What Women Want

Feminists Agonize Over War in Afghanistan

While the wording leaves open the possibility of support for UN-sponsored military intervention—an option many find more palatable than U.S. and British forces acting independently—reaching consensus even on that phrasing took days of rapid-fire e-mails and skillful negotiation. Questions about the future of Afghanistan have been even thornier.

Sunita Mehta and Fahima Danishgar, who recently cofounded Women for Afghan Women—the first grassroots group for women from Afghanistan and its neighbors living in New York—were among the dozens of feminists who gathered for a post-September 11 meeting at the Manhattan apartment of Eve Ensler. But, coming from the region—Mehta is Indian and Danishgar, 23, left Afghanistan at age nine—they found they had less of an us-versus-them perspective than many Americans reacting to the recent terrorist attacks.

"We are us and we are them," says Mehta. "We came in feeling very close to the land that was going to be bombed." That closeness—and a superior knowledge of history and politics that comes with it—allowed her to temper the more utopian dreams of Western feminists. While some at the meeting seriously suggested that the Revolutionary Association of the Women of Afghanistan should rule the country, for instance, Mehta pointed out that the 2000-member RAWA is "a small, Maoist organization." It would be nice if women could be in charge, she says, "but we don't have the luxury of dreaming big dreams right now."
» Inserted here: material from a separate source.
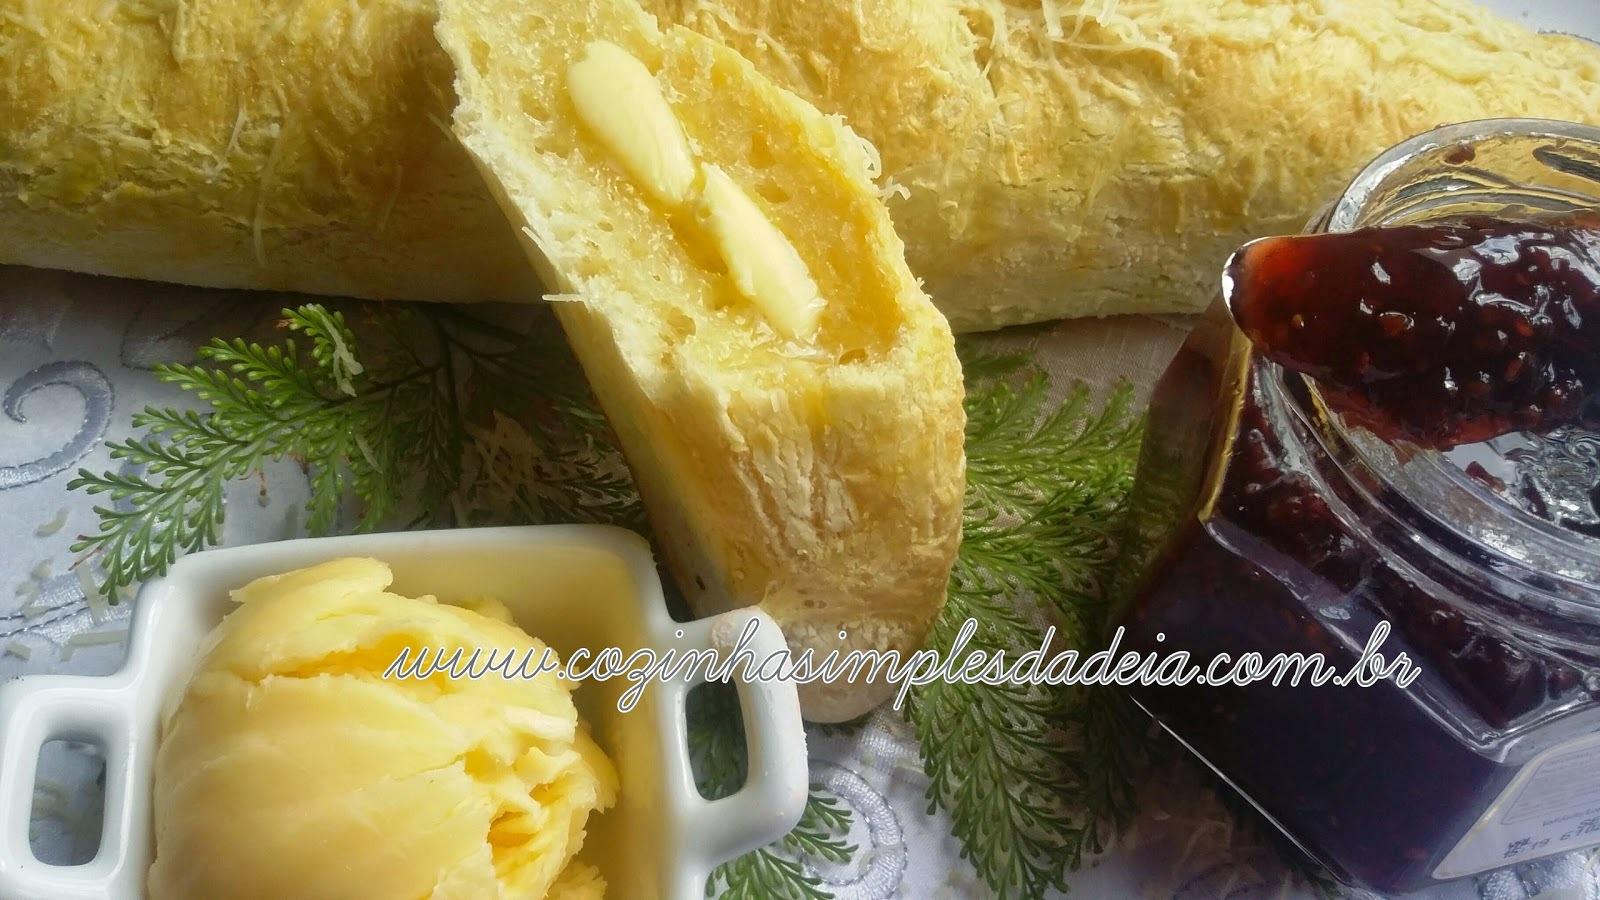 Baguete de Polvilho

Sunita Mehta and Fahima Danishgar, founders of Women for Afghan Women: 'We are us and we are them."
Photograph by Bryce Lankard
Sunita Mehta and Fahima Danishgar, founders of Women for Afghan Women: 'We are us and we are them."

Indeed, the women of Afghanistan—for whom makeup, forbidden by the Taliban, is a symbol of liberation—have different priorities from their Western counterparts. RAWA, whose members have documented Taliban atrocities through slits in their Taliban-mandated robes, has thrown its own political support behind the exiled Afghan king. And although many Westerners have focused on that robe, the burqa, as an emblem of women's oppression, Afghan women don't always see it that way. "Some women choose to wear it. It can be a symbol of respect" for tradition, says Danishgar, whose own mother sometimes wore a burqa.
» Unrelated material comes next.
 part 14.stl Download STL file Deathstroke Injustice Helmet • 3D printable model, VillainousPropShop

The burqa has been a touchy subject before, particularly when Oprah Winfrey lifted one off an Afghan woman in a performance of Ensler's Vagina Monologues, instead of letting the woman perform the symbolic liberation herself. For some, the gesture reeked of Western arrogance, even though the talk-show star has been credited with raising awareness of the Taliban in the TV-watching core of our country by having RAWA members on her show. (RAWA's Web site, www.rawa.org—a fascinating cross-cultural women's effort that features digital video of Afghan women being executed—welcomes Oprah viewers specifically.)

Osman, who wears a head scarf and robes, sees the East-West tension as rooted in religion. "I love my Western feminists," she says, "but I'm just finding out how ignorant they are." Osman, a Muslim, offers a definition of feminist many Western women might share: "a woman who is very comfortable with who she is and believes the sky is the limit." Still, she says, "Every now and then I hear 'What is it with Islam that makes your men this way?' And I think to myself, 'What is it with Christianity that makes your men this way?' "

No doubt, many Americans are feeling somewhat smug about our heroic, enlightened men just now. Ironically, though, the crisis seems to be inspiring a reversion to traditional gender roles. While the press dubbed first lady Laura Bush the "comforter-in-chief," Peggy Noonan giddily declared that "men are back." "I'm speaking of masculine men," the former Reagan aide wrote in The Wall Street Journal, "men who push things and pull things and haul things and build things."

Of course, men have never really gone away. The power structure remains overwhelmingly male—a fact that was highlighted by the never ending emergency press conferences featuring wall-to-wall men. Indeed, National Security Adviser Condoleezza Rice is one of only four women among 19 cabinet-level officials. Roughly one in seven members of Congress is female. All of the 23 committee chairs in the House of Representatives are male, as are all of the Senate's 22 chairs. And a mere six out of 189 ambassadors to the UN are female.

The numbers are, not surprisingly, more skewed when it comes to conflict. "After childbirth, war making has possibly been the most segregated of activities along gender lines," says Felicity Hill, director of the UN office of the Women's International League for Peace and Freedom. Perhaps that doesn't have to be true. Last year, the UN passed a resolution calling for women's participation in decision making about war and peace. Nevertheless, "war remains the domain of men," says Hill. "Women's voices are missing from decisions on priorities in peace processes."

These days, it's hard for anyone to stray from the political mainstream, and harder still for women. Like many others on the left, Canadian activist Sunera Thobani accused the U.S. of "unleashing prolific levels of violence all over the world," but unlike many other lefties, Thobani was subject to the Canadian equivalent of citizen's arrest and, intriguingly, sent porn by her critics. The Canadian secretary of state for the status of women, Hedy Fry, almost lost her job for just listening to Thobani's speech.